BCGS is pleased to support an initiative that provides guidelines for geophysical uses of drone technology. Drone Geoscience LLC has generously prepared a website with guidelines for using drones for geophysics.

See also our “Drones” page, under the “Resources” menu, or review materials from the BCGS drone workshop from May 2022.

Thanks are extended to Ronald S. Bell, Senior geoDRONEologist & Geophysicist with Drone Geoscience LLC.

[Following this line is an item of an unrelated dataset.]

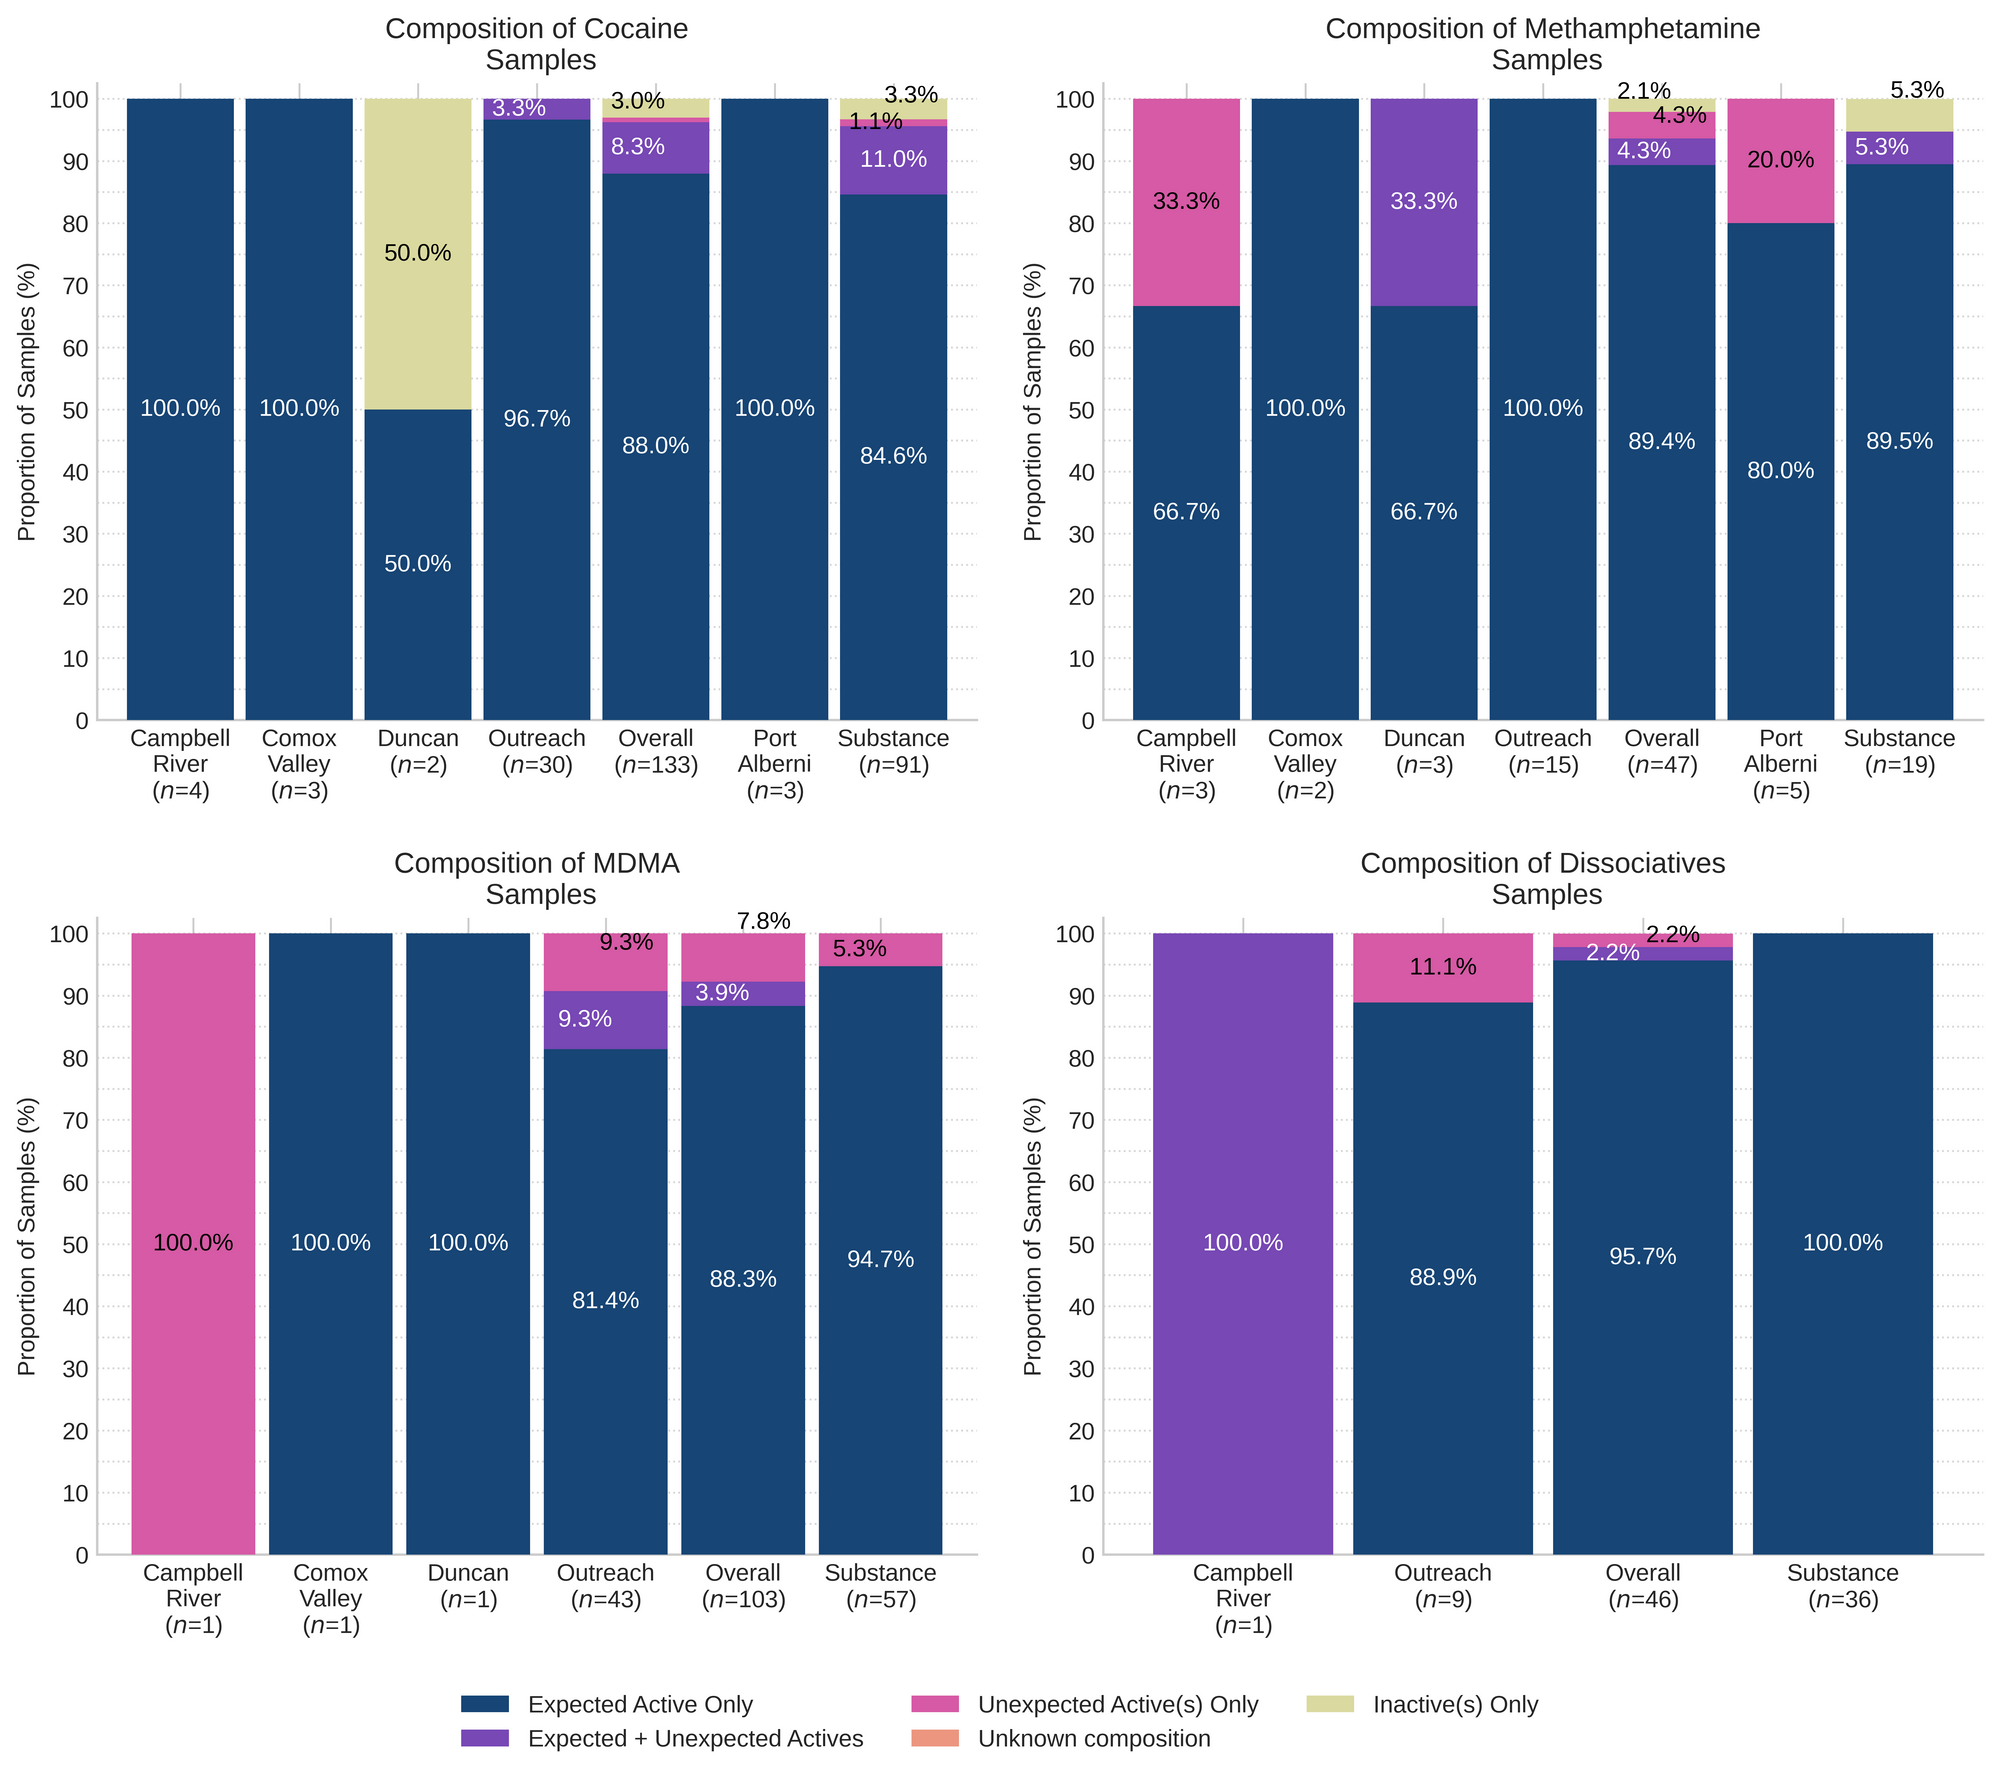 Figure 2. Compositional breakdown by drug class and sample collection location/method. Bars are stacked by the percentage of samples in each category, with the individual sample counts (and relative proportions) overlaid. “Dark Blue” groups samples that were as expected with no other notable compounds detected, “Purple” groups samples that contained the expected drug and contained other unexpected active(s), “Magenta” groups samples that did not contain the expected active but did contain unexpected active(s), Salmon groups samples where we were unable to determine the composition (e.g. scenarios where we do not have appropriate reference spectra), and Lime displays samples where no active compounds were detected.

February 2023 – Monthly Talk

Speaker: Dr. Mengli Zhang, Research Associate,  Center for Gravity, Electrical, and Magnetic Studies (CGEM), Colorado School of Mines

Title: Efficient geophysical data acquisition using ergodic sampling: Non-linear relationship between information sampling ability (ISA) and number of samples

Date: Thursday February 23, 2022

Time: 4:30pm to 5:30pm PST

Location: Virtual. Zoom link will be distributed via our newsletter in advance of the talk. Contact info@bcgsonline.org if you would like to attend but did not receive the newsletter with link (sent February 21, 2023).

Abstract:

Geophysicists use difference tools such as data display, modeling, and inversion to image subsurface of the earth. The denser the data are, the more details of earth model we can obtain. The price we pay for denser data is of course the higher cost for acquisition, especially for 3D data. We may default to an implicit assumption that the resolution of our earth model is linearly dependent upon the number of samples we can collect for geophysical data. This assumption may be rooted in Nyquist sampling theory. However, Nyquist sampling theory is a sufficient but not necessary condition. We have re-examined the necessity of such dense sampling in geophysical data acquisition and developed an ergodic sampling method and shows that the number of samples has a non-linear relationship with the information sampling ability (ISA). In contrast to Nyquist sampling, which requires a sufficient but larger than necessary sample set, ergodic sampling only acquires the core subset of samples that is both necessary and sufficient to gather the same information. Therefore, ergodic sampling can significantly decrease the number of samples compared with Nyquist sampling. We present our new sampling theory and demonstrate its application in the geophysical data acquisition. Our simulation and field data example show that the cost can be reduced by a factor up to 10. Equivalently, this result also means that it is possible to acquire 10 times more information when the same number of samples used in the traditional equi-spaced sampling is deployed using the ergodic sampling strategy.

Bio:
Dr. Mengli Zhang is a Research Associate in the Department of Geophysics at Colorado School of Mines. She is a geophysicist specialized in optimization of the exploration cycle from acquisition, interpretation, to discovery by incorporating economic factors. She is also an expert on efficient and economical multi-geophysical data acquisition using ergodic sampling theory. She obtained her BS in Information Engineering and MS degree in Information and Communication Systems from Xi’an Jiaotong University in China. She earned an MS degree in Geoscience from the University of Texas at Dallas, USA, and PhD degree in Geophysics from Colorado School of Mines. She has 10 years of industry experiences, first as a research geophysicist and then as a project manager and as Chief Geophysicist in the eastern Ordos Basin for China National Petroleum Corporation, where she applied information analyses to increase gas reservoir discoveries. She worked closely with geologists to select locations of more than 500 drilled wells, perform post-drilling analyses throughout the life cycle of wells including the production stage, and to improve interpretation and targeting methodology based on drilling and production results. Her current research has applications to the information-based economic geophysical data acquisition, which has the potential to significantly reduce the cost of exploration for energy and metals and to accelerate discoveries.